Monday, Nov. 28, 1932

Trinity Rector

The highest ranking official in the Protestant Episcopal Church in the U. S. is the Presiding Bishop--at present Rhode Island's Most Rev. James De Wolf Perry. The ranking diocese, Episcopalians agree, is that of New York, now ruled by Bishop William Thomas Manning. But several individual churches pay their rectors more than they do their bishops. Of these, none is older, none richer than Trinity Church at the top of Wall Street in Manhattan.

Trinity has been looking for a rector to succeed the late, genial, Anglo-Catholic Dr. Caleb Rochford Stetson, who died last June (TIME, June 27). Last October The Chronicle, liberal Episcopal monthly, urged the Trinity vestry to pick a liberal churchman rather than a Catholic as it has usually done. Last week, after lengthy consideration, the vestry made known its choice, a broad churchman who is nonetheless Catholic enough to suit Bishop Manning who immediately confirmed the appointment. He is Rev. Dr. Frederic Sydney Fleming, 46, a slender, six-foot, bespectacled clergyman who began his career as a baker's assistant, became assistant to the president of big National Biscuit Co. before studying for the ministry at Western Theological Seminary and Nashotah House (Anglo-Catholic) in Wisconsin.

Dr.

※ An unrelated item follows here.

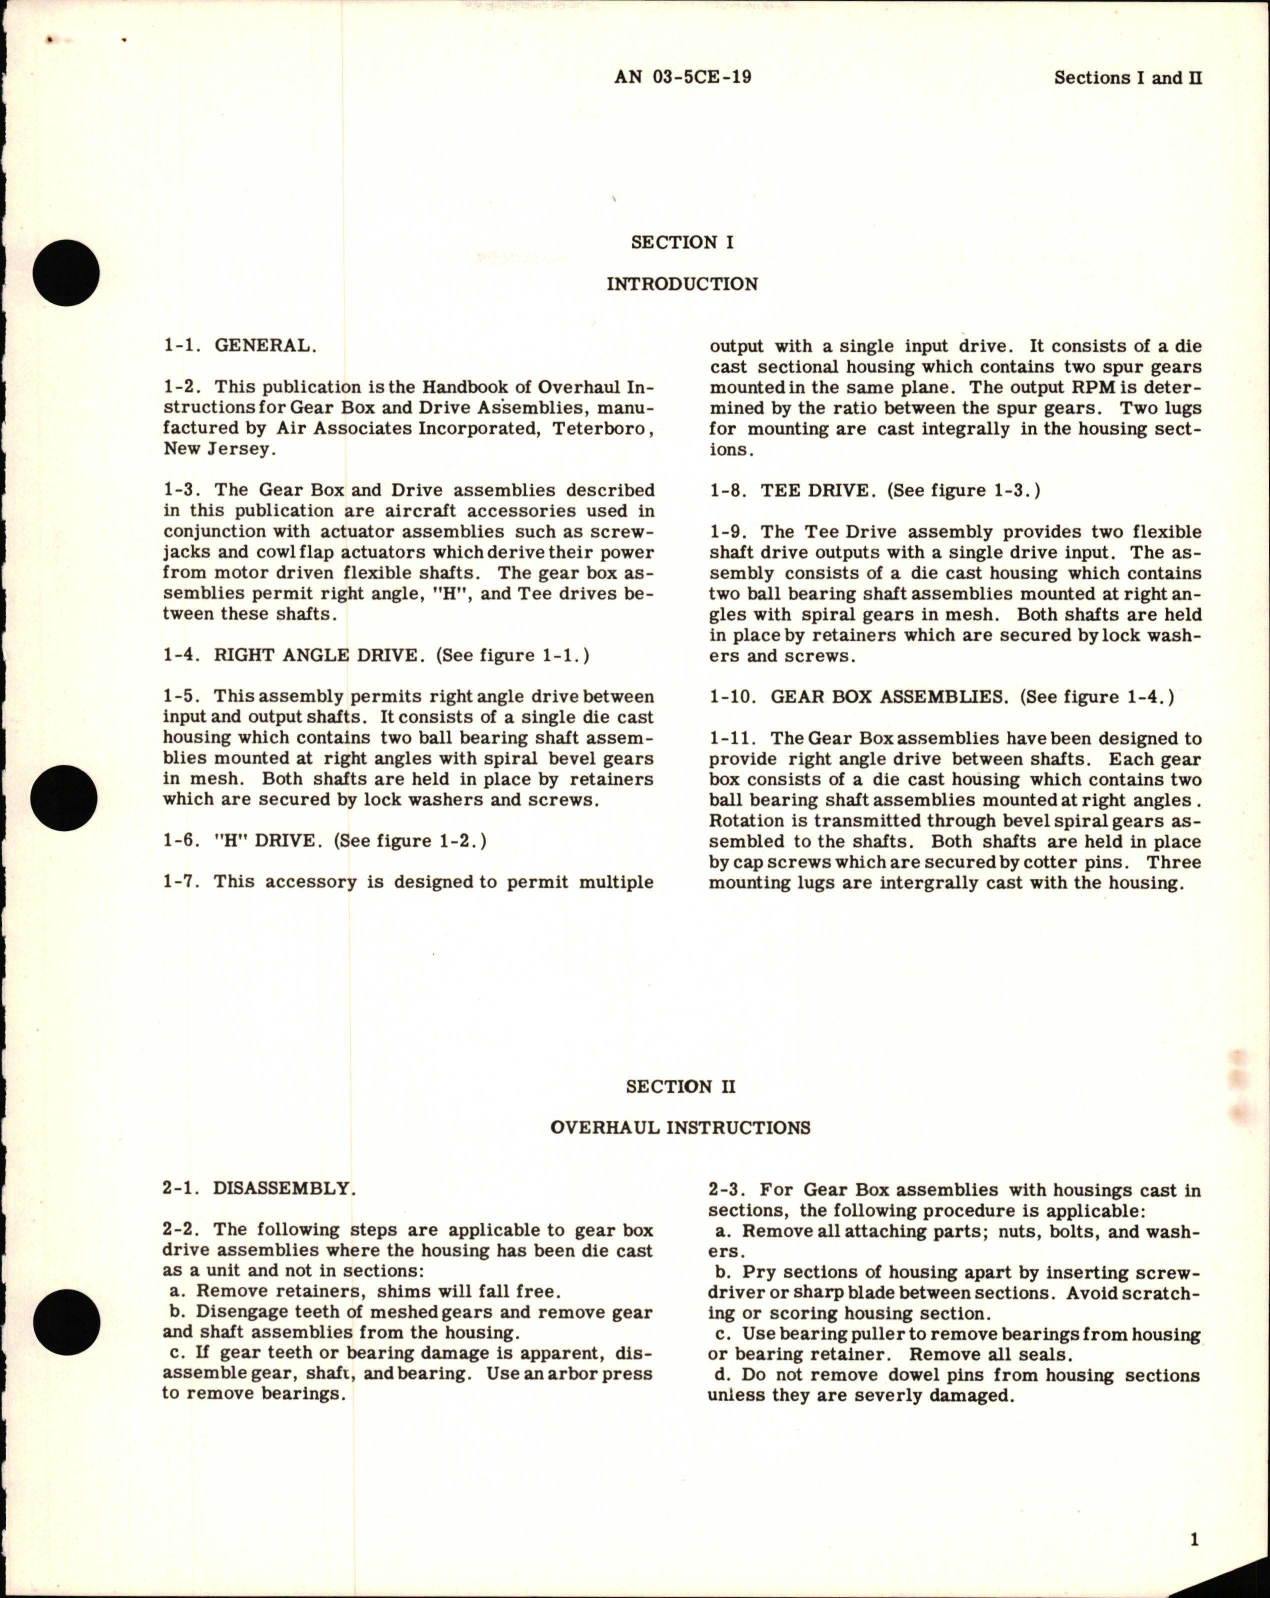 Sample page 5 from AirCorps Library document: Overhaul Instructions for Gear Box and Drive Assemblies

Fleming was ordained in 1911, served as curate in several small western parishes, was rector of Chicago's Church of the Atonement from 1915 to 1927. This post he liked so well that, in 1924, he refused the bishop coadjutorship of Northern Indiana and the bishopric of Olympia, Wash. After holding the rectorship of St. Stephen's in Providence, he became vicar of the Chapel of the Intercession (one of Trinity's seven offspring) in Manhattan in 1930. Twelfth in a line of rectors dating from 1697, he will get something like $20,000 a year,* considerably more than his superior Bishop Manning (a onetime rector of Trinity) who last year took a 10% cut in his $15,000 pay (TIME, March 14).

*Trinity's assets are some $18,000,000, mostly in real estate, the income of which goes to its chapels to charities and missions, to sister churches (even swank St. Thomas's on Fifth Avenue was glad of Trinity's help when it was getting started).